The group Protect Borrowers, which supports student loan forgiveness, argues that SAVE is "not a novel use of executive power," noting that Congress gave the Education Department the authority to create IDRs in 1993 and that several other programs have been created since.
"This settlement is pure capitulation—it goes much further than the suit or the 8th Circuit order requires," said Persis Yu, the group's deputy executive director and managing counsel. "The real story here is the unrelenting, right-wing push to jack up costs on working people with student debt.”

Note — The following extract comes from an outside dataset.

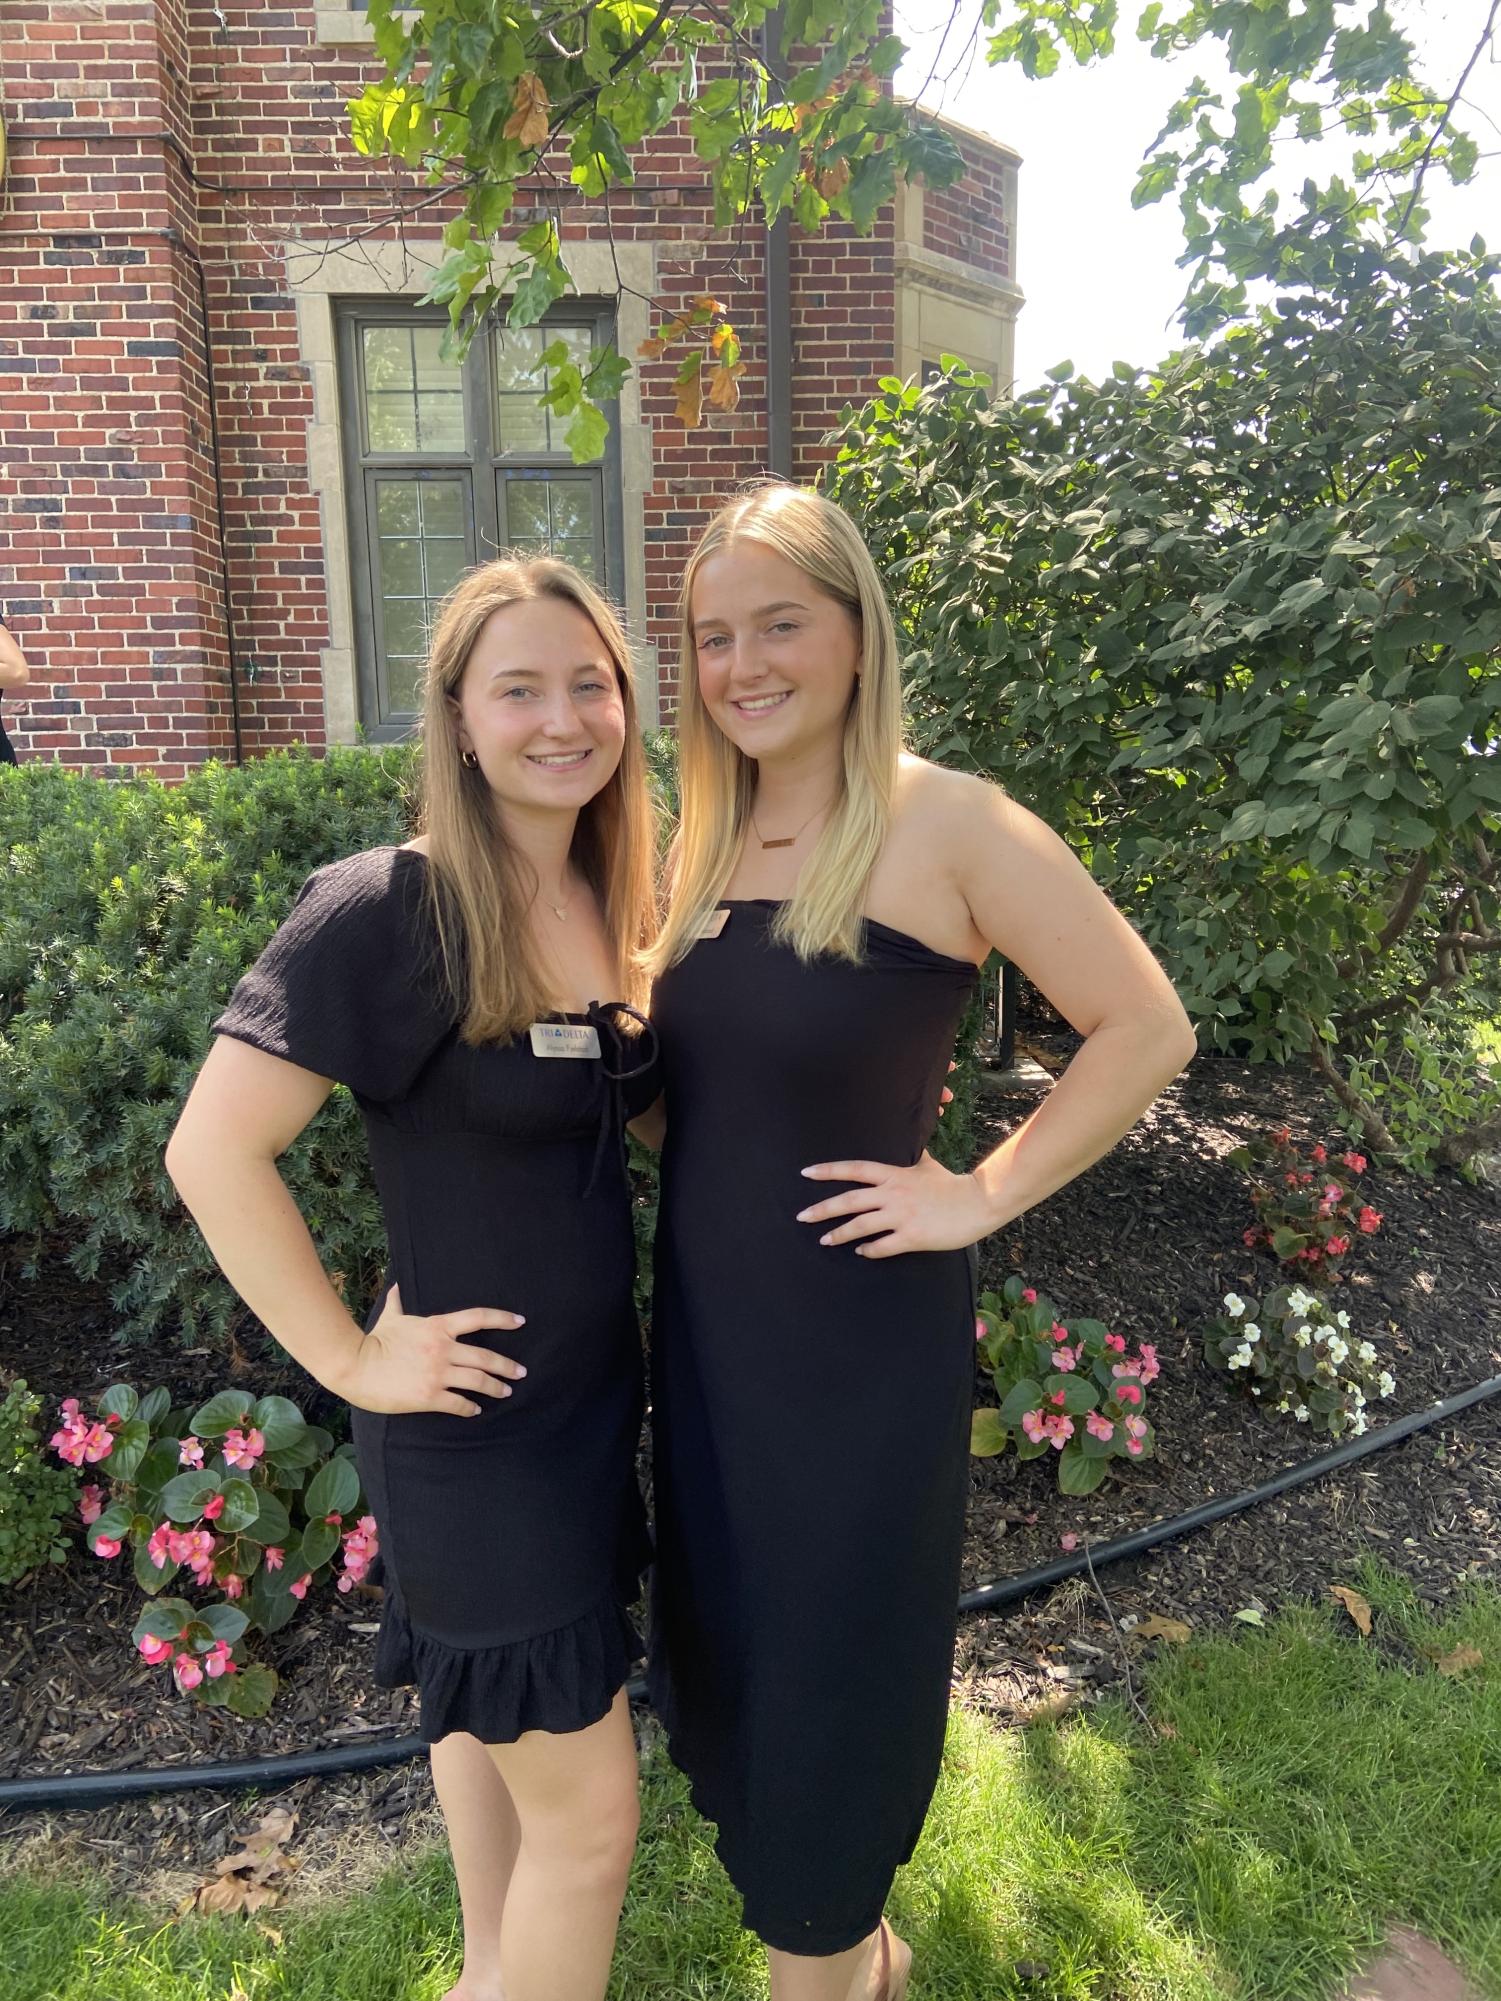 2022 alumnae Alyssa Fjelstad and her sister Katelyn Fjelstad pose in front of their sorority Delta Delta Delta. Photo provided by Alyssa Fjelstad.

A September survey by Data For Progress found that student loans make it more difficult for many borrowers to keep up with other bills amid a growing cost-of-living crisis: 42% of respondents said their debt payments had a negative impact on their ability to pay for food or housing. More than a third, 37%, said it had a negative impact on their ability to cover healthcare costs for themselves or their dependents, while the majority, 52%, said it had a negative impact on their ability to save for retirement.
“While millions of student loan borrowers struggle amidst the worsening affordability crisis as the rising costs of groceries, utilities, and healthcare continue to bury families in debt," Yu said, "billionaire Education Secretary Linda McMahon chose to strike a backroom deal with a right-wing state attorney general and strip borrowers of the most affordable repayment plan that would help millions to stay on track with their loans while keeping a roof over their head."